Published online by Cambridge University Press: 24 February 2023
Introduction
As with the accounts extracted in the previous chapter, rolls of inventories, livery and other forms of medieval business writing provide an excellent source for the detailed naming of medieval clothing and textiles. Often the intent in such record-keeping is not just to keep an accurate record of who possessed or who received what, but to provide a precise description of the item or garment in question.
The three extracts which open the chapter are all drawn from the very detailed inventories of the medieval cathedral of St Paul in London, dating from the middle and later part of the thirteenth century and from the beginning of the fifteenth. The descriptive detail they provide of vestments, altar cloths, cathedral plate and so forth is exceptionally descriptive for the text type, and gives us a very vivid account of the cloth and clothing in the cathedral’s possession at the times of the inventories.

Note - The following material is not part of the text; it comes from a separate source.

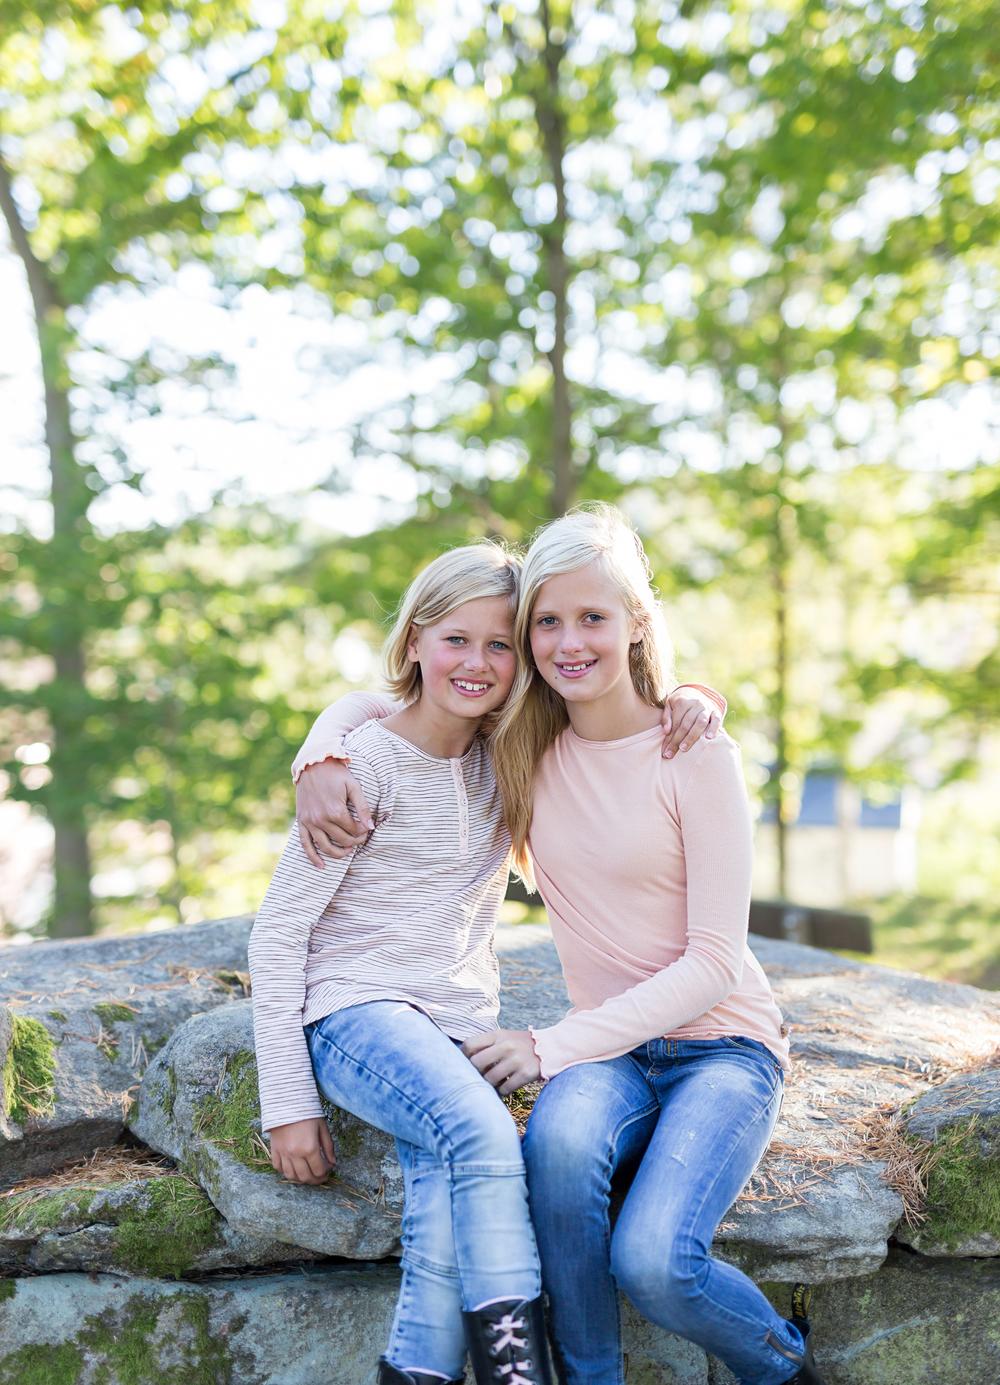 familjefotograf-borås-fotograf-madeleine4.jpg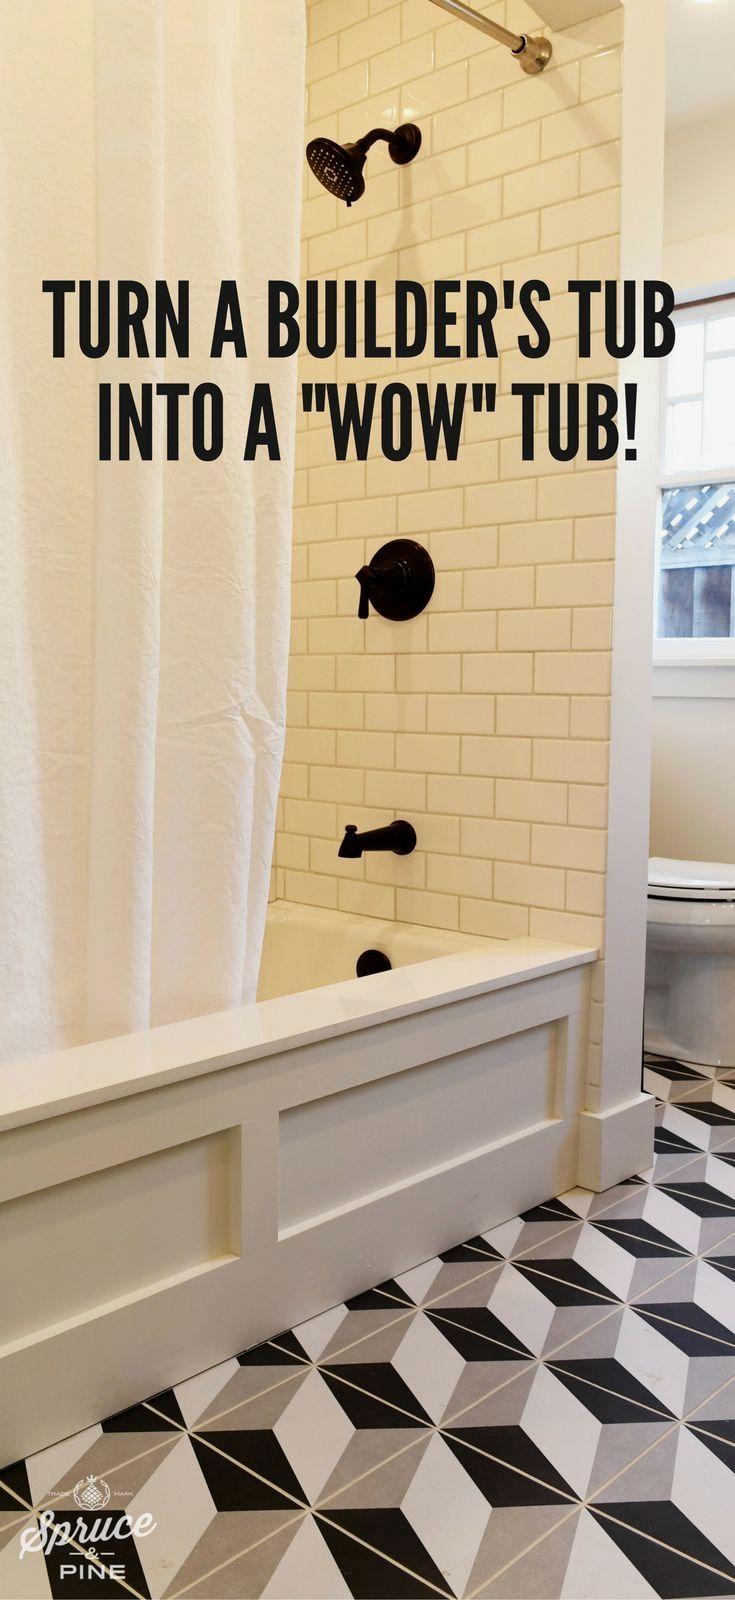 New Diy Bathroom Ideas Home Improvement Projects Diy Home Improvement Home Diy

These are followed by a collection of extracts taken from the middle of a roll of liveries of Edward III for 1347–9. The extracts are noteworthy because they contain various items of dress and accoutrements for royal tournaments and celebrations, including some of the first references to the uniforms of the Order of the Garter, as well as costumes for ludi (pageants, entertainments) celebrated at Christmas.
Extracts from the inventories Three inventories of St Paul’s Cathedral
Inventories compiled in 1245, 1295 and 1402 list the treasures, including metalwork, books, vestments and soft furnishings, belonging to St Paul’s Cathedral, London. They testify to the vast quantities, the richness of fabric and the gold and jewelled ornament of the textiles owned by the cathedral. The first two inventories coincide with a period of expansion of the Norman cathedral (‘old St Paul’s’), the fourth to be built on the site, which was, by its completion in 1314, one of the largest in Europe, with a 400-foot spire and a magnificent rose window. In the 1530s King Henry VIII would begin confiscating church wealth and dissolving monasteries. About the same time more austere approaches to worship were advocated as a result of the Protestant Reformation, rendering outdated the medieval Church’s relics in their magnificent shrines, opulent furnishings and sumptuous vestments.